Russian mathematician (1857–1918)

Aleksandr Mikhailovich Lyapunov (Note: His surname is variously romanized as Ljapunov, Liapunov, Liapounoff or Ljapunow.) (Note: Алекса́ндр Миха́йлович Ляпуно́в) (Алекса́ндр Миха́йлович Ляпуно́в, – 3 November 1918) was a Russian mathematician, mechanician and physicist. He was the son of the astronomer Mikhail Lyapunov and the brother of the pianist and composer Sergei Lyapunov.

Lyapunov is known for his development of the stability theory of a dynamical system, as well as for his many contributions to mathematical physics and probability theory.

== Biography ==

=== Early life ===
Lyapunov was born in Yaroslavl, Russian Empire. His father Mikhail Vasilyevich Lyapunov (1820–1868) was an astronomer employed by the Demidov Lyceum. His brother, Sergei Lyapunov, was a gifted composer and pianist. In 1863, M. V. Lyapunov retired from his scientific career and relocated his family to his wife's estate at Bolobonov, in the Simbirsk province (now Ulyanovsk Oblast). After the death of his father in 1868, Aleksandr Lyapunov was educated by his uncle R. M. Sechenov, brother of the physiologist Ivan Mikhailovich Sechenov. At his uncle's family, Lyapunov studied with his distant cousin Natalia Rafailovna, who became his wife in 1886. In 1870, his mother moved with her sons to Nizhny Novgorod, where he started the third class of the gymnasium. He graduated from the gymnasium with distinction in 1876.

=== Education ===
In 1876, Lyapunov entered the Physico-Mathematical department at the University of Saint Petersburg, but after one month he transferred to the Mathematics department of the university.

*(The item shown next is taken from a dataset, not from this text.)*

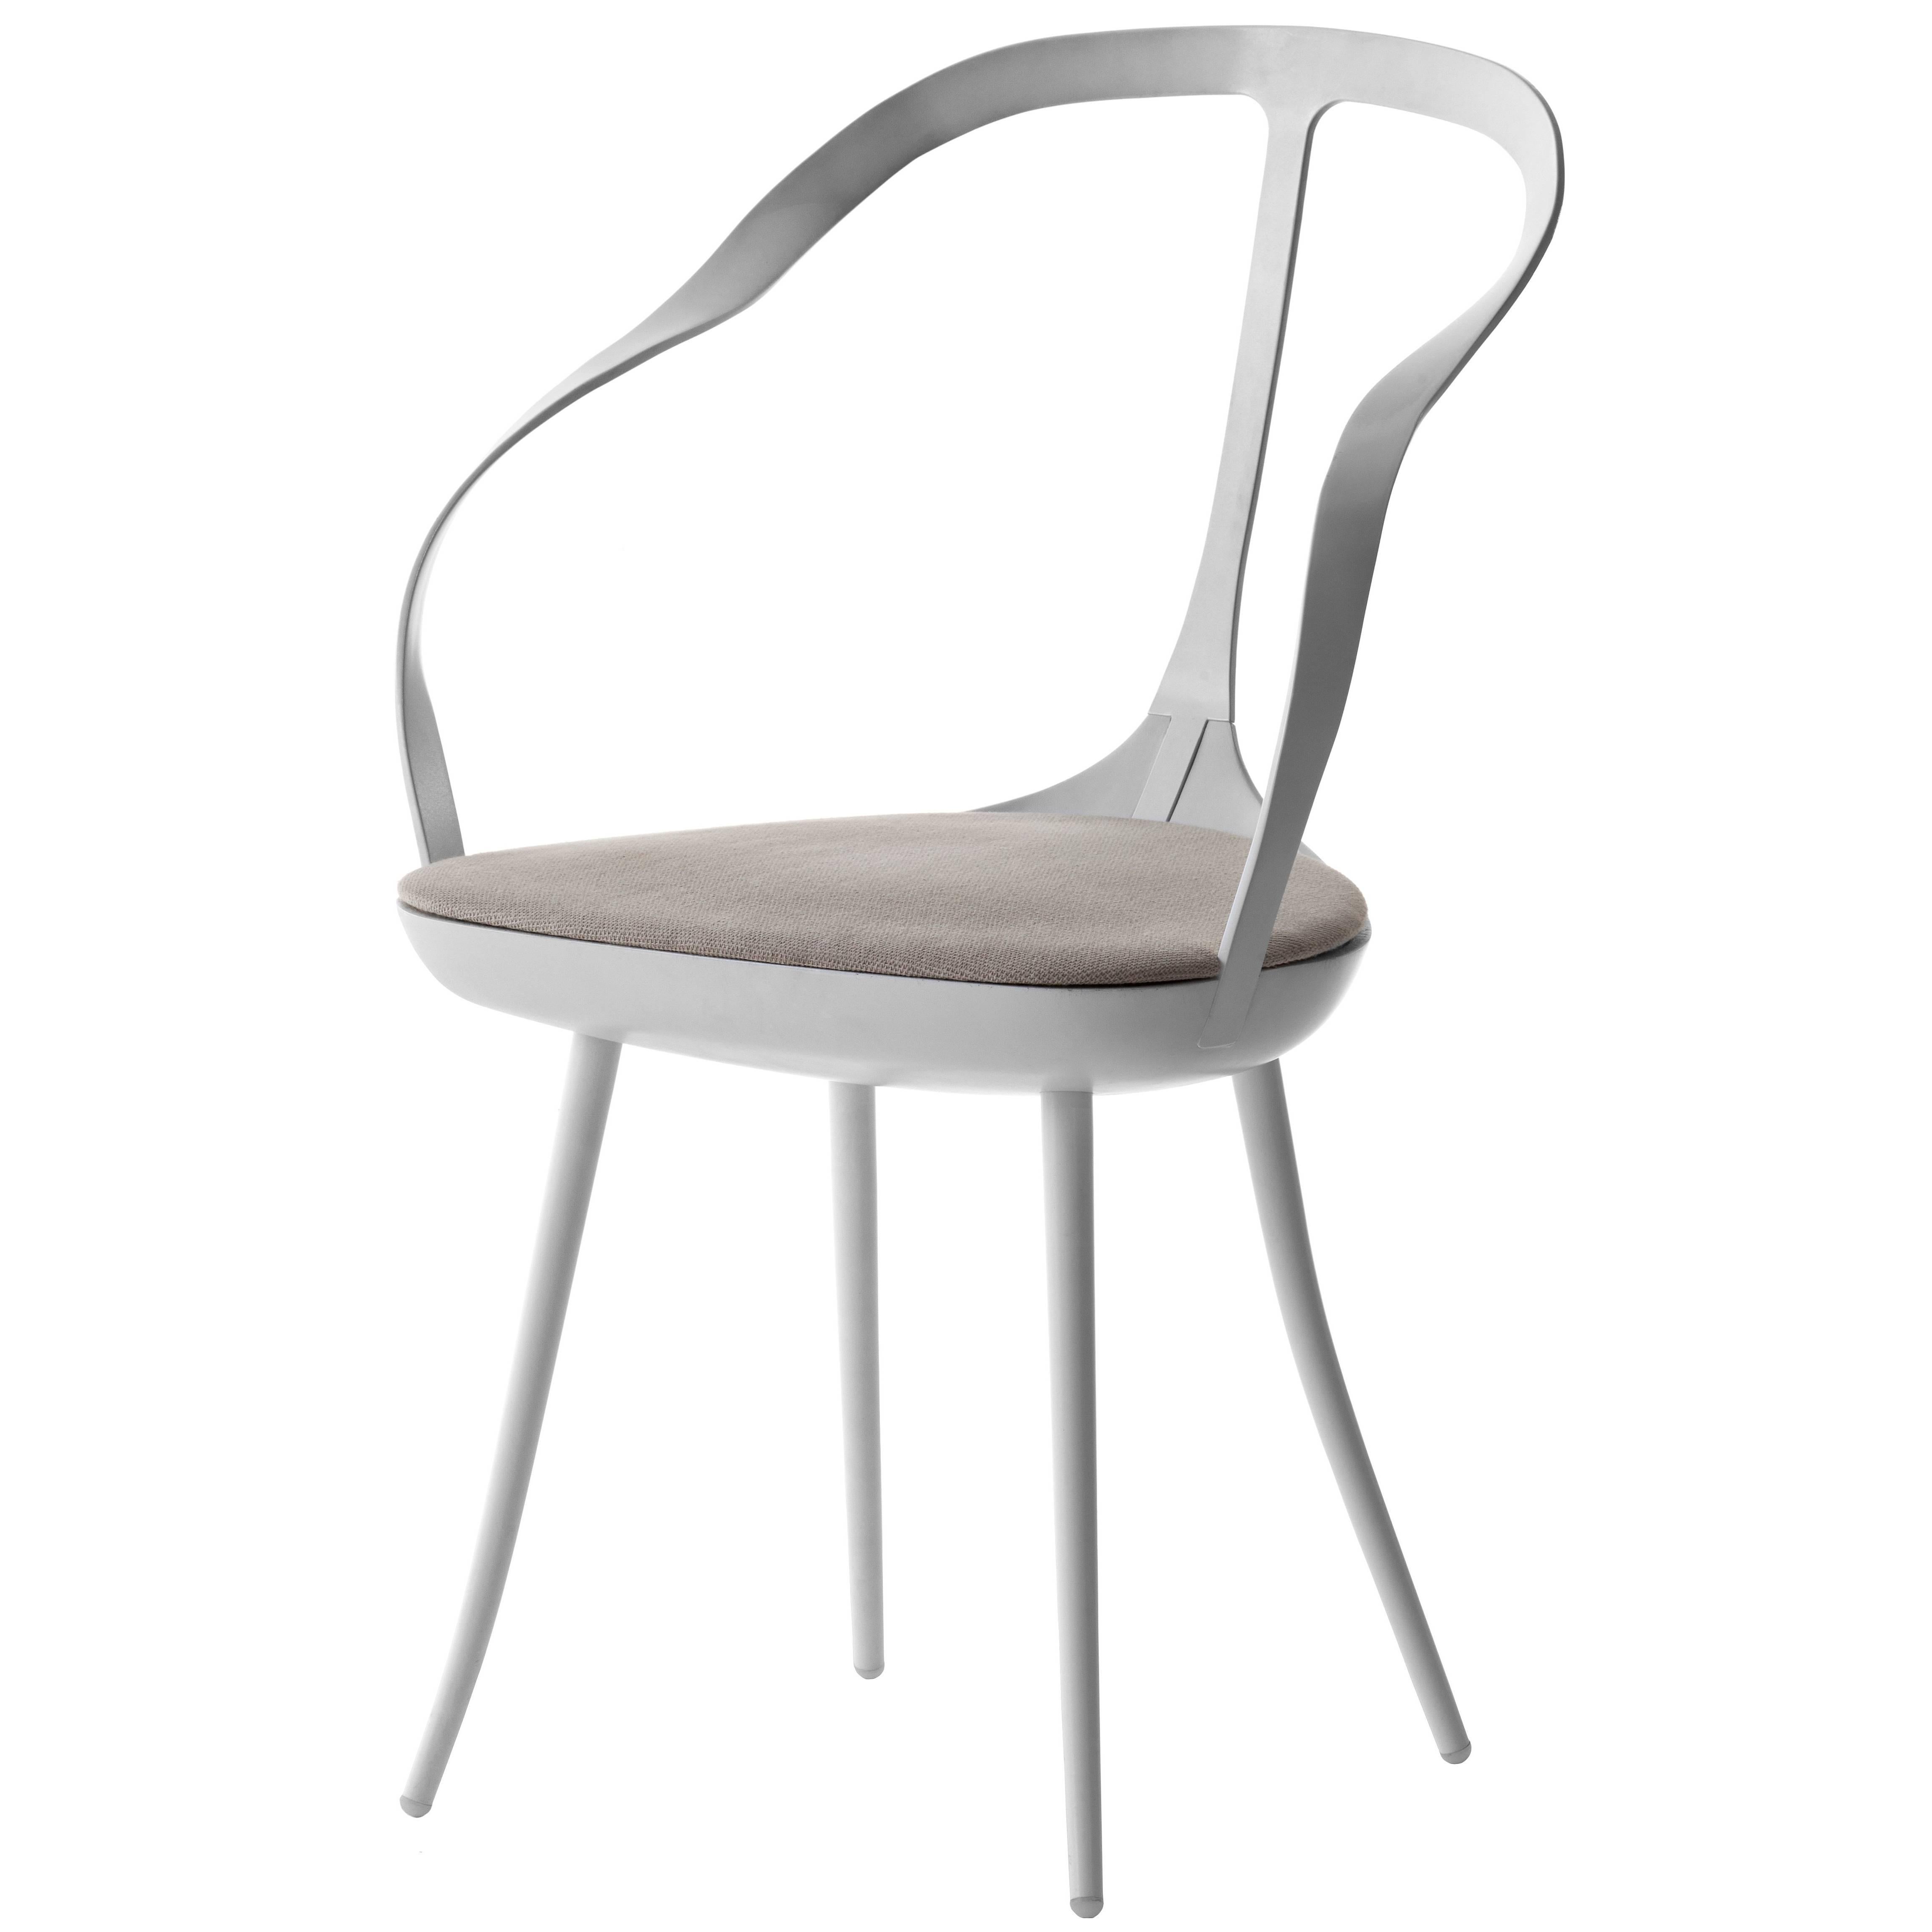 "Mollina" Shaped Steel Plate Chair Designed by Park Associati for Driade

Among the Saint Petersburg mathematics professors were Chebyshev and his students Aleksandr Nikolaevich Korkin and Yegor Ivanovich Zolotarev. Lyapunov wrote his first independent scientific works under the guidance of the professor of mechanics, D. K. Bobylev. In 1880 Lyapunov received a gold medal for a work on hydrostatics. This was the basis for his first published scientific works On the equilibrium of a heavy body in a heavy fluid contained in a vessel of a fixed form and On the potential of hydrostatic pressure. Lyapunov also completed his university course in 1880, two years after Andrey Markov who had also graduated at Saint Petersburg University. Lyapunov maintained scientific contact with Markov throughout his life.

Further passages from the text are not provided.